AMD Instinct™ MI300 series microarchitecture#

Applies to Linux and Windows

2024-02-29

6 min read time

The AMD Instinct MI300 series accelerators are based on the AMD CDNA 3 architecture which was designed to deliver leadership performance for HPC, artificial intelligence (AI), and machine learning (ML) workloads. The AMD Instinct MI300 series accelerators are well-suited for extreme scalability and compute performance, running on everything from individual servers to the world’s largest exascale supercomputers.

With the MI300 series, AMD is introducing the Accelerator Complex Die (XCD), which contains the GPU computational elements of the processor along with the lower levels of the cache hierarchy.

The following image depicts the structure of a single XCD in the AMD Instinct MI300 accelerator series.

../../_images/image007.png

Fig. 1 XCD-level system architecture showing 40 Compute Units, each with 32 KB L1 cache, a Unified Compute System with 4 ACE Compute Accelerators, shared 4MB of L2 cache and an HWS Hardware Scheduler.#

On the XCD, four Asynchronous Compute Engines (ACEs) send compute shader workgroups to the Compute Units (CUs). The XCD has 40 CUs: 38 active CUs at the aggregate level and 2 disabled CUs for yield management. The CUs all share a 4 MB L2 cache that serves to coalesce all memory traffic for the die. With less than half of the CUs of the AMD Instinct MI200 Series compute die, the AMD CDNA™ 3 XCD die is a smaller building block. However, it uses more advanced packaging and the processor can include 6 or 8 XCDs for up to 304 CUs, roughly 40% more than MI250X.

The MI300 Series integrate up to 8 vertically stacked XCDs, 8 stacks of High-Bandwidth Memory 3 (HBM3) and 4 I/O dies (containing system infrastructure) using the AMD Infinity Fabric™ technology as interconnect.

The Matrix Cores inside the CDNA 3 CUs have significant improvements, emphasizing AI and machine learning, enhancing throughput of existing data types while adding support for new data types. CDNA 2 Matrix Cores support FP16 and BF16, while offering INT8 for inference.

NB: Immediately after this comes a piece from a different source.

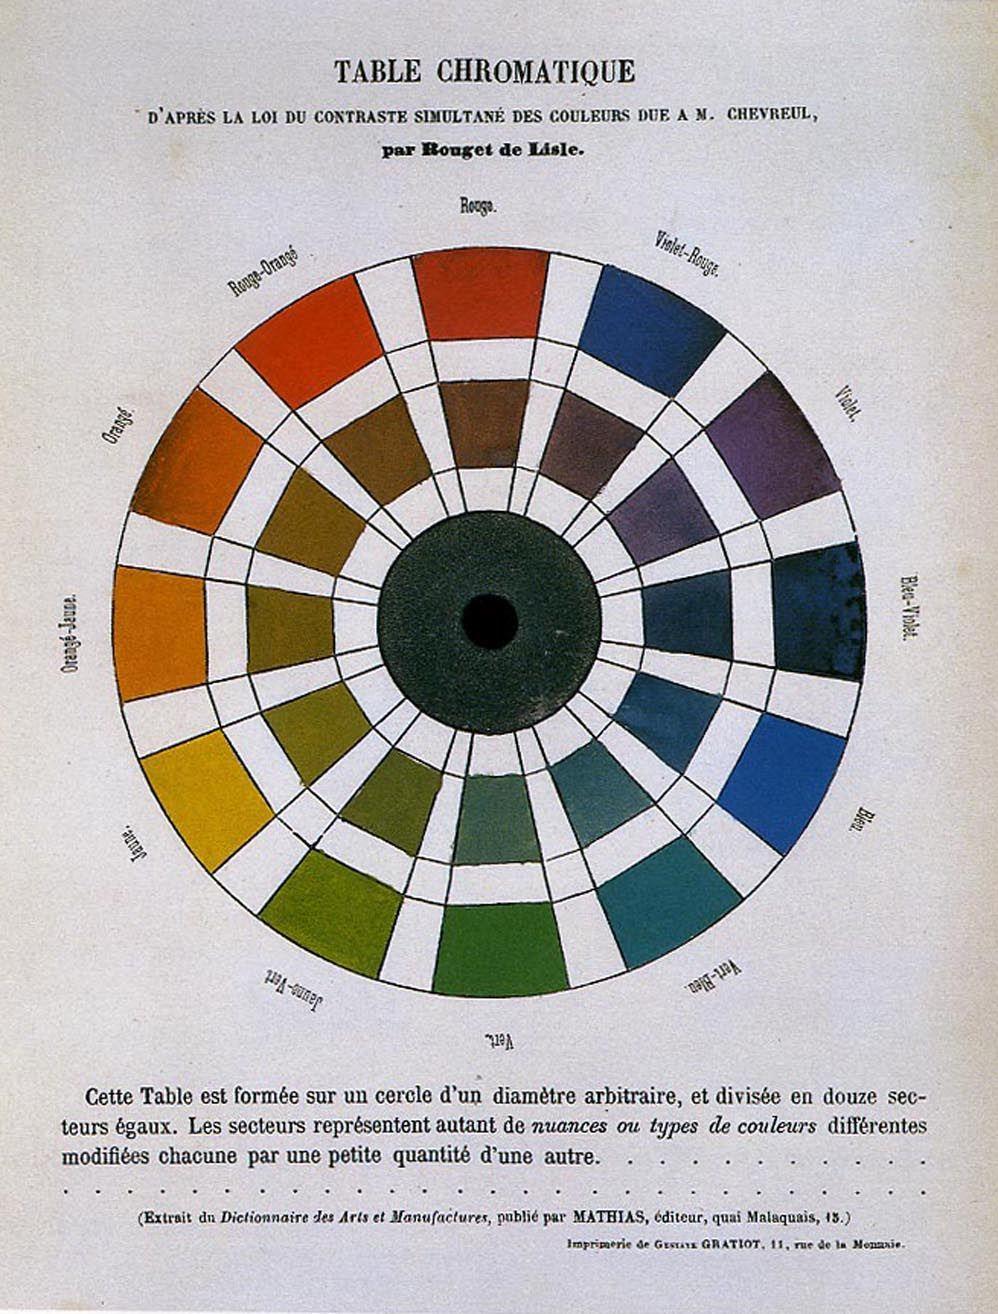 Rouget De Lisle Chromagraphie Paris 1838 The Chromatic Table

Compared to MI250X accelerators, CDNA 3 Matrix Cores triple the performance for FP16 and BF16, while providing a performance gain of 6.8 times for INT8. FP8 has a performance gain of 16 times compared to FP32, while TF32 has a gain of 4 times compared to FP32.

Table 4 Peak-performance capabilities of the MI300X for different data types.#

Computation and Data Type

FLOPS/CLOCK/CU

Peak TFLOPS

Matrix FP64

256

163.4

Vector FP64

128

81.7

Matrix FP32

256

163.4

Vector FP32

256

163.4

Vector TF32

1024

653.7

Matrix FP16

2048

1307.4

Matrix BF16

2048

1307.4

Matrix FP8

4096

2614.9

Matrix INT8

4096

2614.9

The above table summarizes the aggregated peak performance of the AMD Instinct MI300X Open Compute Platform (OCP) Open Accelerator Modules (OAMs) for different data types and command processors. The middle column lists the peak performance (number of data elements processed in a single instruction) of a single compute unit if a SIMD (or matrix) instruction is submitted in each clock cycle. The third column lists the theoretical peak performance of the OAM. The theoretical aggregated peak memory bandwidth of the GPU is 5.3 TB per second.

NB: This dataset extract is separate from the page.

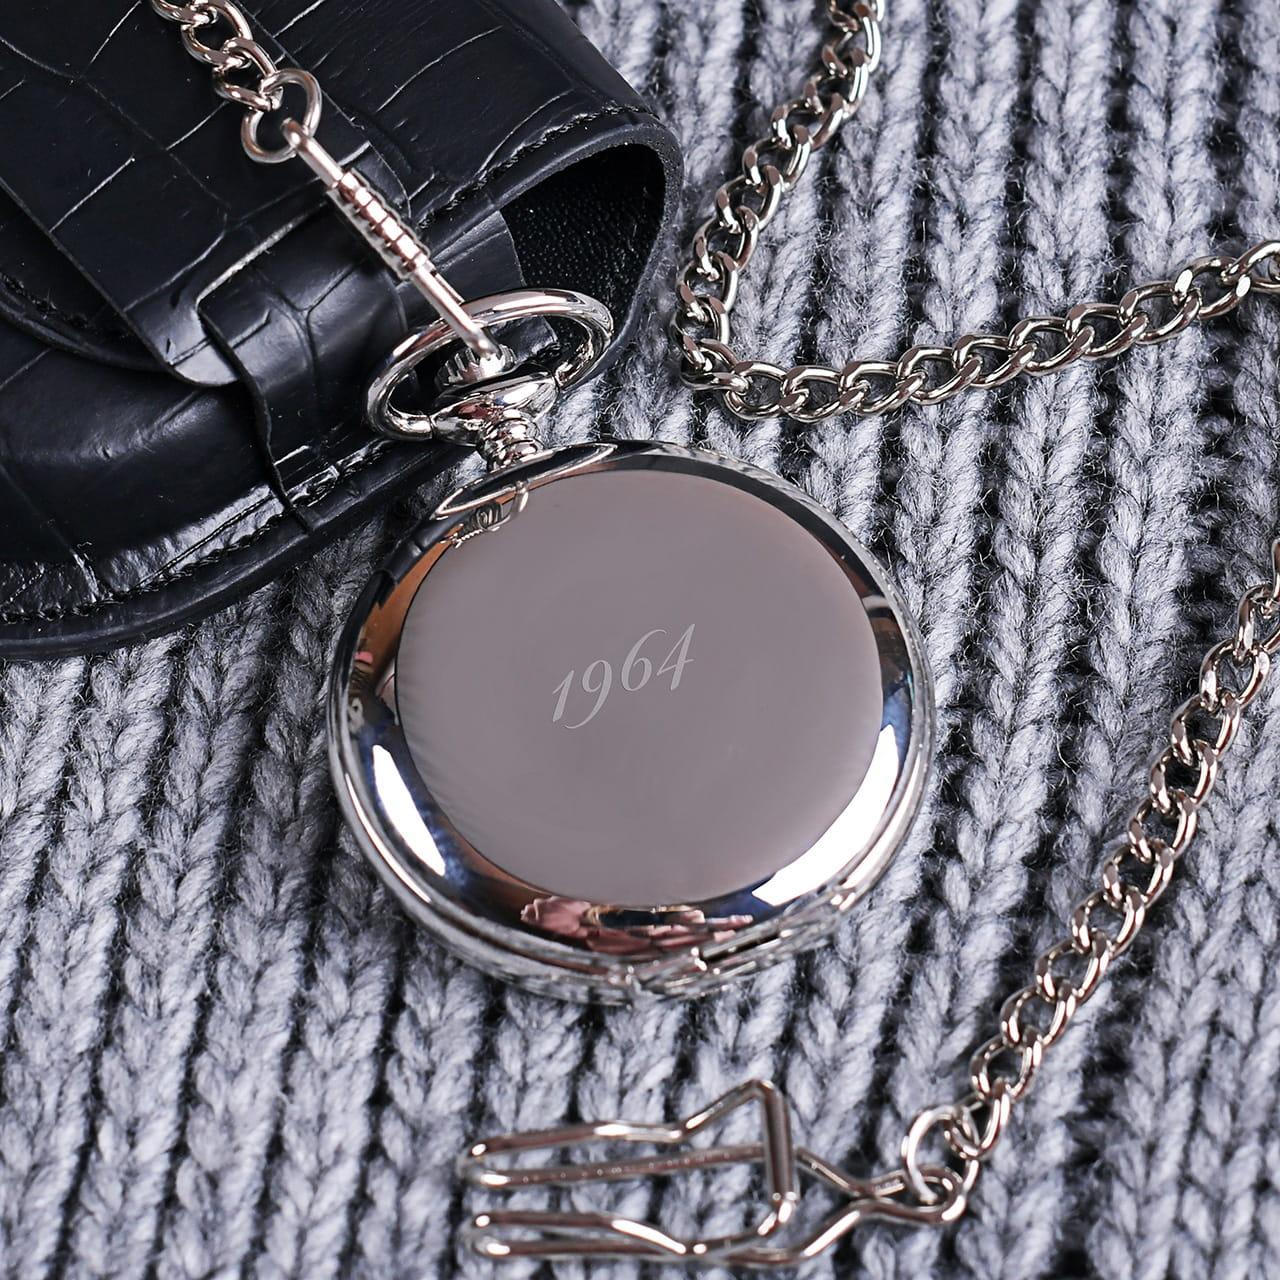 Zegarek kieszonkowy, czyli elegancki prezent dla księdza

The following image shows the block diagram of the APU (left) and the OAM package (right) both connected via AMD Infinity Fabric™ network on-chip.

Fig. 2 MI300 series system architecture showing MI300A (left) with 6 XCDs and 3 CCDs, while the MI300X (right) has 8 XCDs.#

Node-level architecture#

../../_images/image009.png

Fig. 3 MI300 series node-level architecture showing 8 fully interconnected MI300X OAM modules connected to (optional) PCIEe switches via retimers and HGX connectors.#

The image above shows the node-level architecture of a system with AMD EPYC processors in a dual-socket configuration and eight AMD Instinct MI300X accelerators. The MI300X OAMs attach to the host system via PCIe Gen 5 x16 links (yellow lines). The GPUs are using seven high-bandwidth, low-latency AMD Infinity Fabric™ links (red lines) to form a fully connected 8-GPU system.